##### Stored data #####
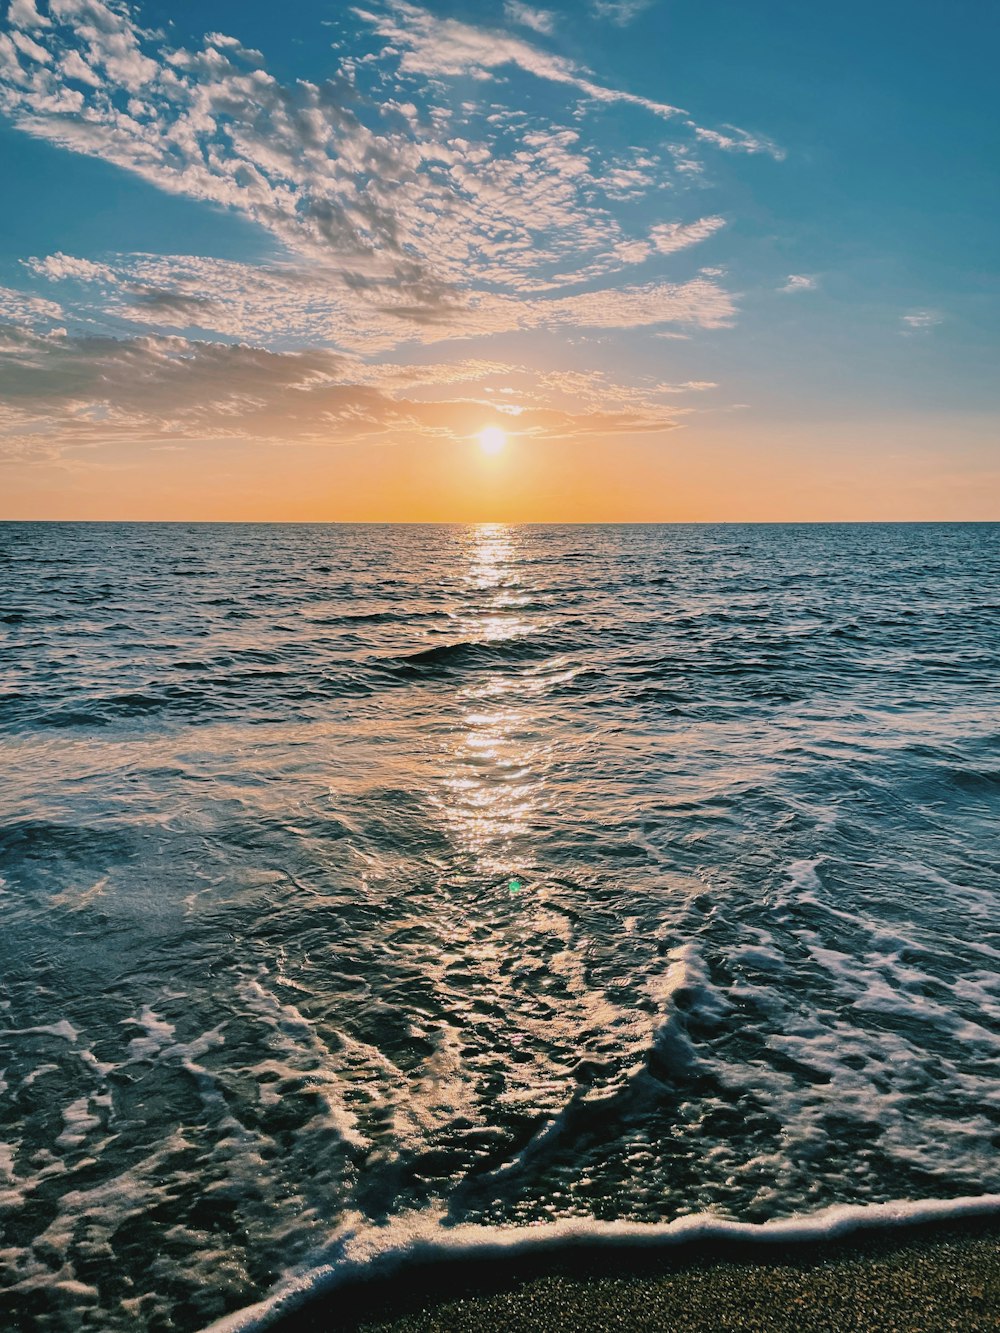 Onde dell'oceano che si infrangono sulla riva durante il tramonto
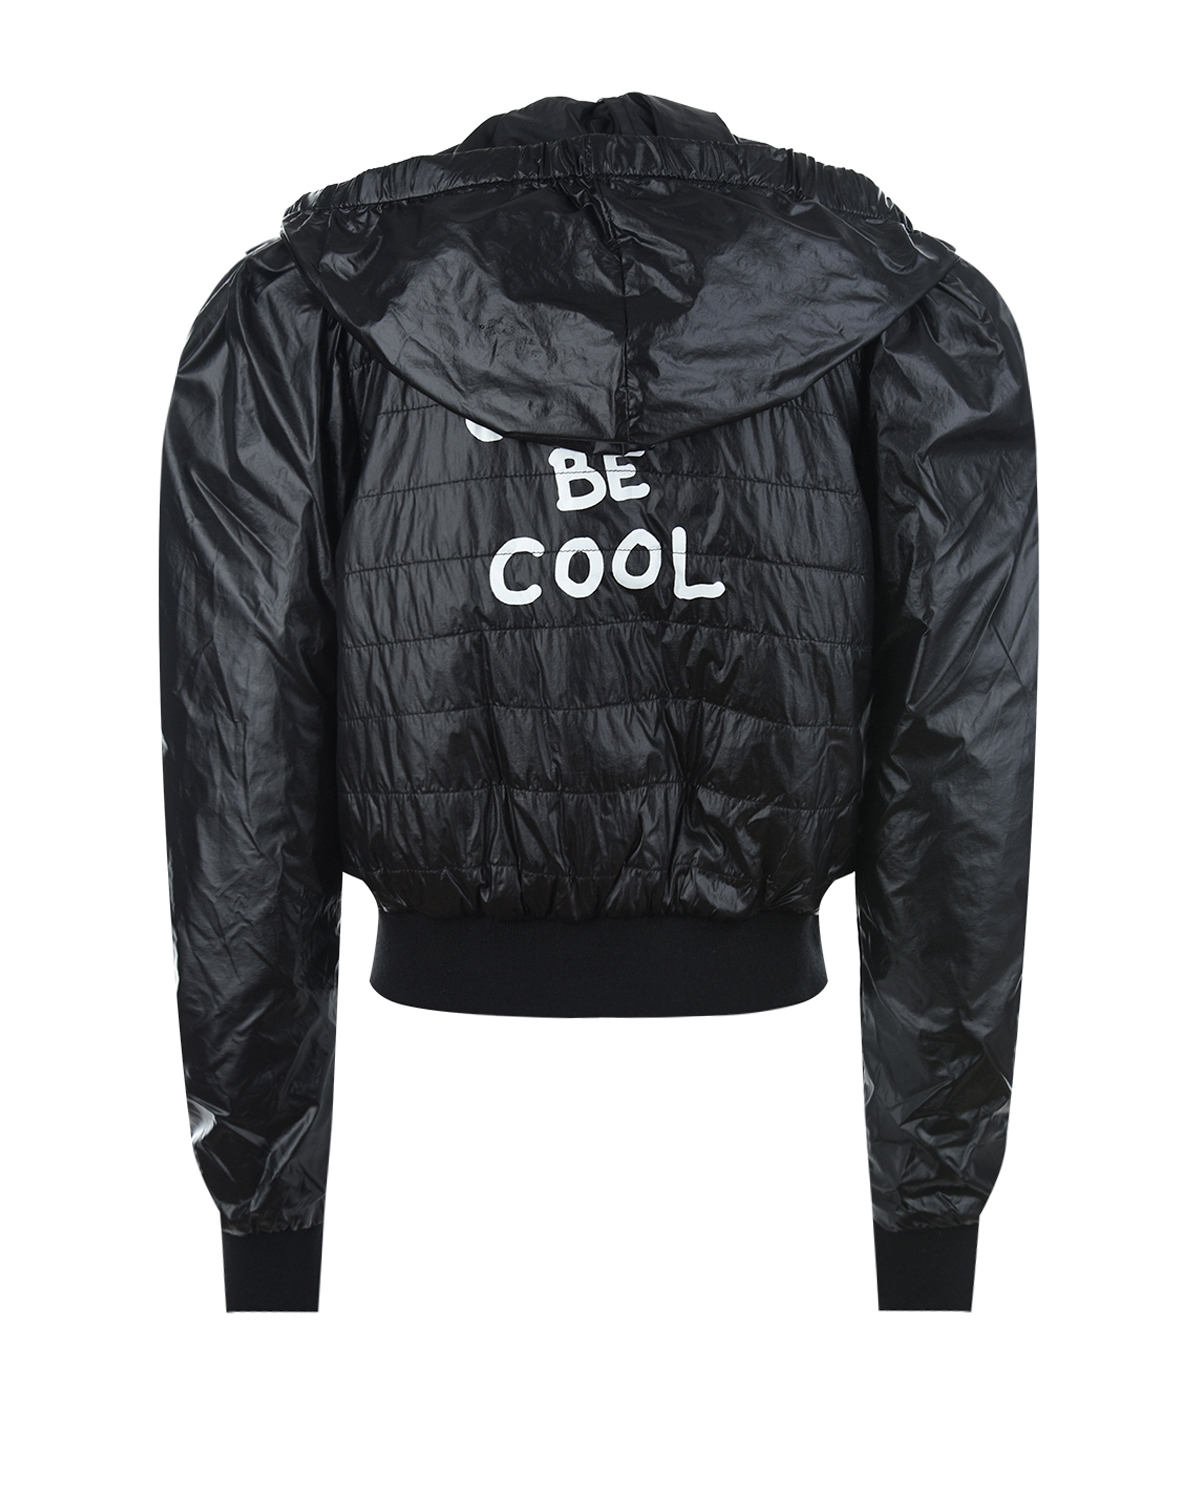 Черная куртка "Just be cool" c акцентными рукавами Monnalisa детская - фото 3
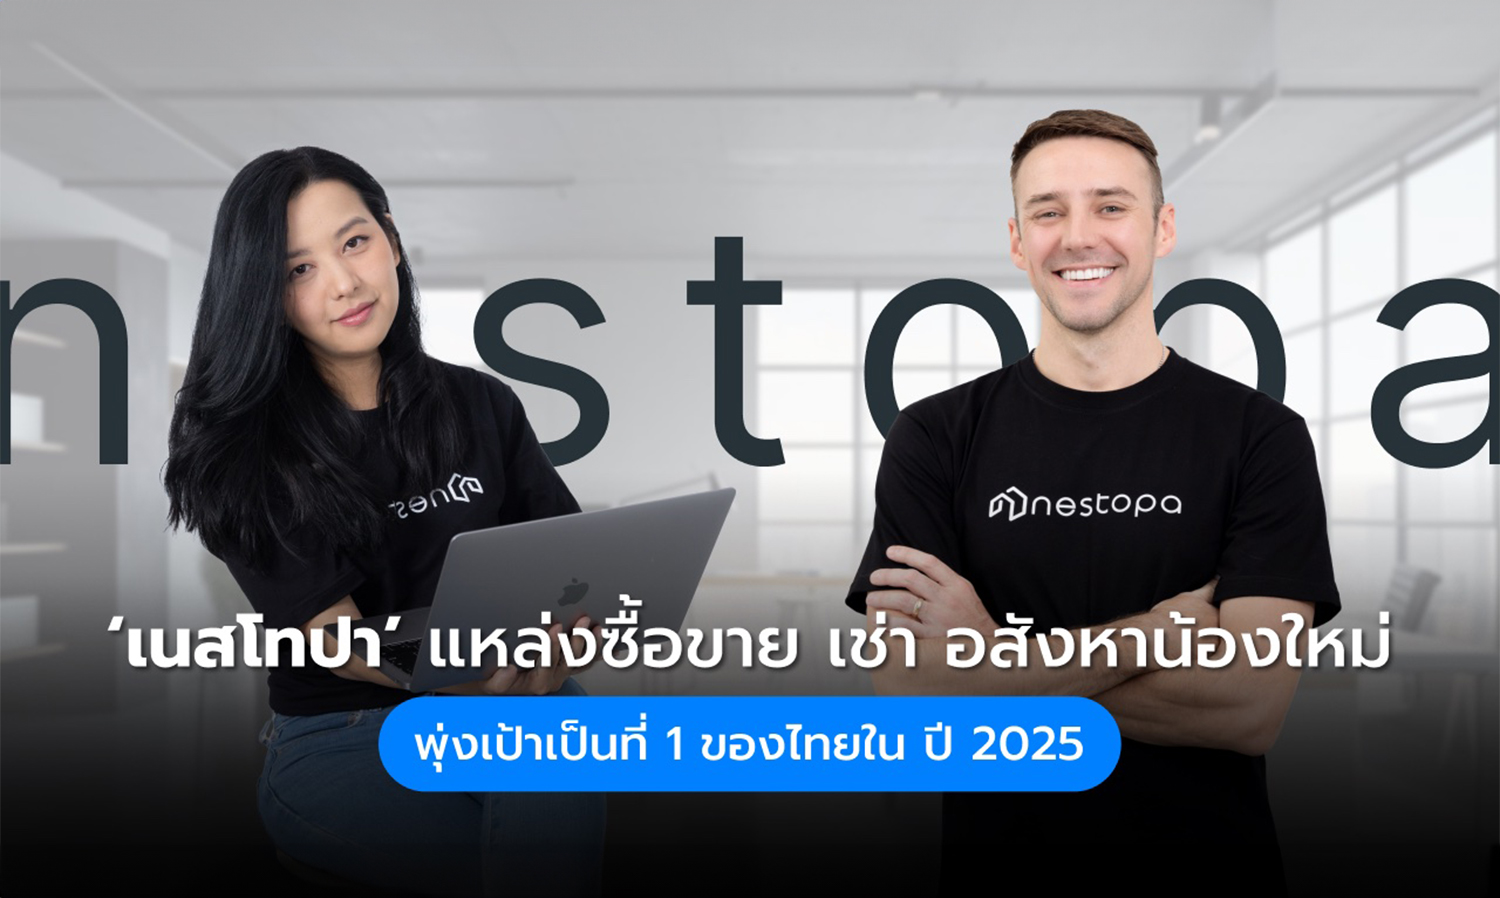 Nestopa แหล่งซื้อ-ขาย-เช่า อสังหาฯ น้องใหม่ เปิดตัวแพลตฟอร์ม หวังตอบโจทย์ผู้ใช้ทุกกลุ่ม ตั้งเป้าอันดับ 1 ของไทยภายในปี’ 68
#####
» About this exercise
Only an exact copy of the lines from the one with "детская - фото 3" through the last line of the data above is wanted, and no pictures.

» Output of the task
 Черная куртка "Just be cool" c акцентными рукавами Monnalisa детская - фото 3
 Nestopa แหล่งซื้อ-ขาย-เช่า อสังหาฯ น้องใหม่ เปิดตัวแพลตฟอร์ม หวังตอบโจทย์ผู้ใช้ทุกกลุ่ม ตั้งเป้าอันดับ 1 ของไทยภายในปี’ 68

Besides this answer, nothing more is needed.